Search code examples
google-bigquerygoogle-cloud-dataflowapache-beam

How can I convert Apache Beam Rows to BigQuery TableFlows in a Java DataFlow pipeline?


I need to write data into a BigQuery within a DataFlow pipeline using Java. As such i need to get a PCollection of TableRow

TableSchema tableSchema = // omitted
BigQueryIO.Write<TableRow> bigQuerySink =  BigQueryIO.<TableRow>write()
   .to(new TableReference()
     .setProjectId(options.getProject())
     .setDatasetId(options.getBigQueryDataset())
     .setTableId(options.getBigQueryTable()))
    .withSchema(tableSchema)
    .withCreateDisposition(BigQueryIO.Write.CreateDisposition.CREATE_IF_NEEDED)
    .withWriteDisposition(BigQueryIO.Write.WriteDisposition.WRITE_APPEND);

As of now, in my pipeline, I have a PCollection of generic Row objects from Apache Beam org.apache.beam.sdk.values.Row.
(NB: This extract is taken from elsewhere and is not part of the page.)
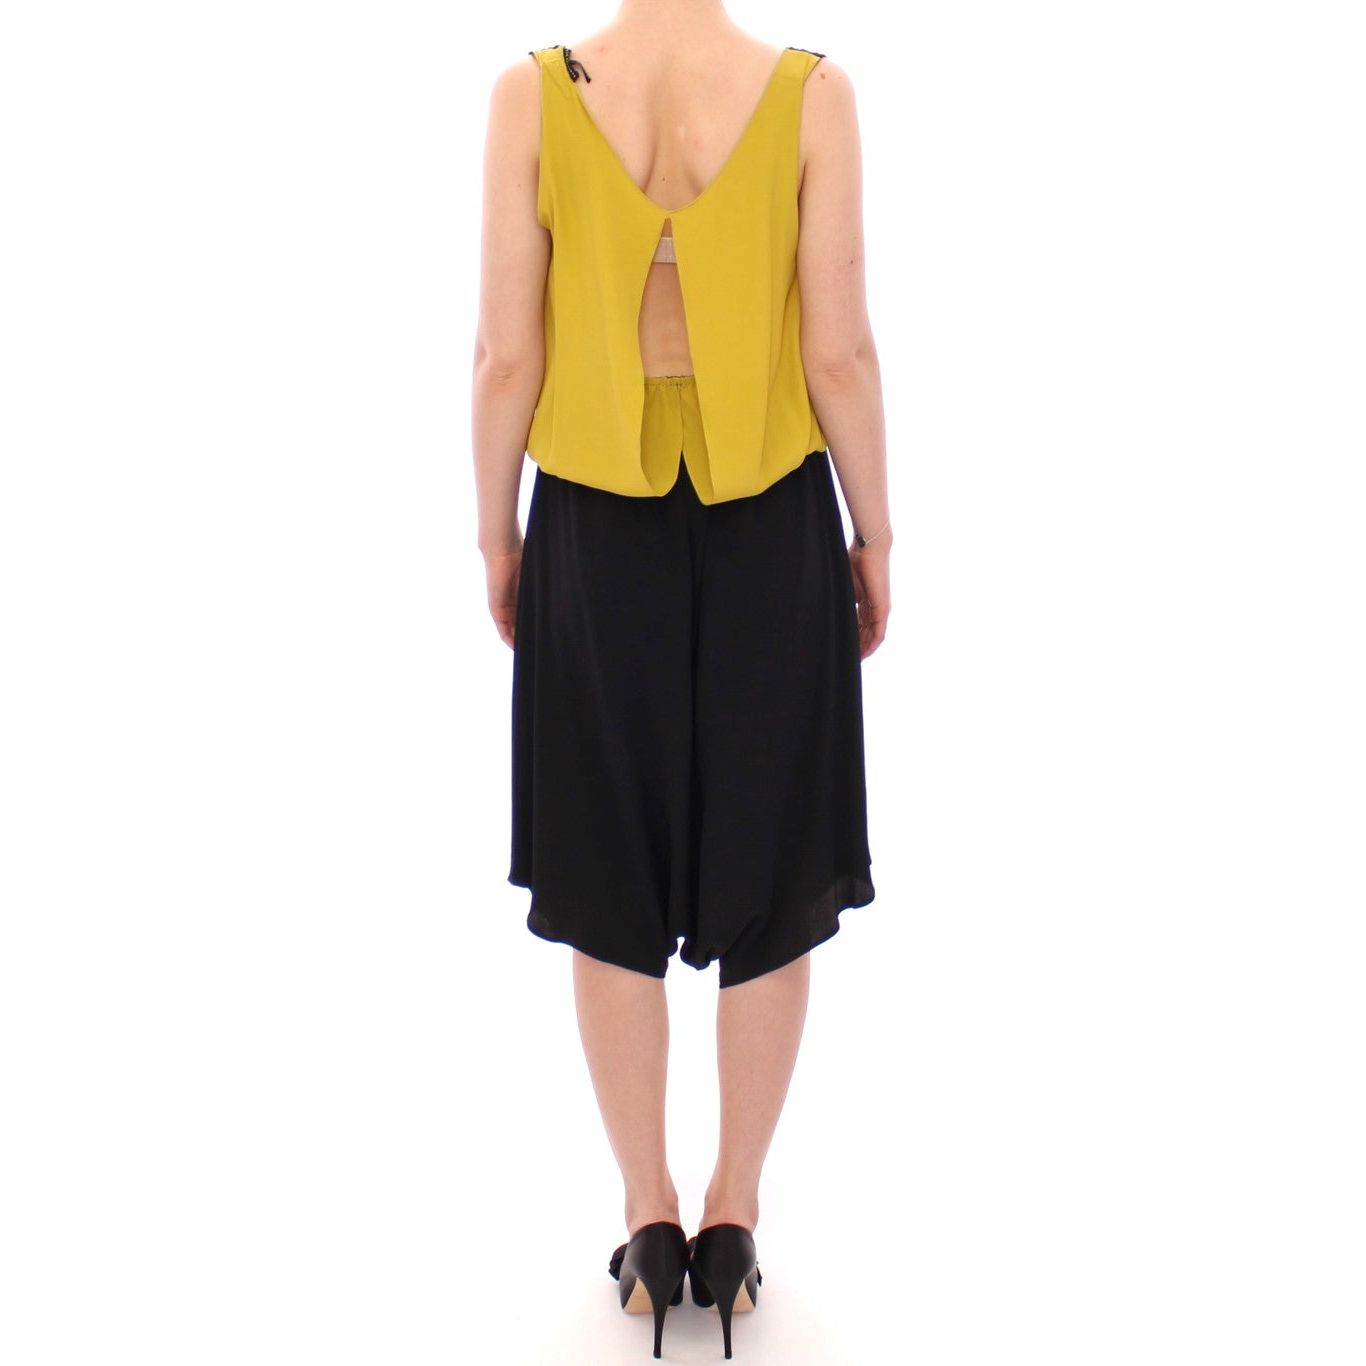 Lamberto Petri Elegant Silk Blend Shift Dress in Black and Yellow black-yellow-silk-shift-sheath-coctail-dress 218495-black-yellow-silk-shift-sheath-coctail-dress-2_285ae8a5-7fa9-4407-8994-79d6d578f941.jpg

I also have the beam schema Schema.

So i need to implement a DoFn<Row, TableRow> and I will probably come up with something but it is not easy supporting multi valued types ARRAY(INT64) to INT64 with REPLICATED etc.

My feeling is I am reinventing the wheel, does this class already exist ? Do I need such a mapping ?

I look at this mapper in the Dataflow templates and the google cloud libraries without finding it.


Solution

  • Answering my question (seems like posting out your issue makes you twice shaper)

    I found the Mapper I was looking in BigQueryUtils class here https://github.com/apache/beam/blob/master/sdks/java/io/google-cloud-platform/src/main/java/org/apache/beam/sdk/io/gcp/bigquery/BigQueryUtils.java#L508-L516

    Required dependency is:

    <dependency>
     <groupId>org.apache.beam</groupId>
     <artifactId>beam-sdks-java-io-google-cloud-platform</artifactId>
    </dependency>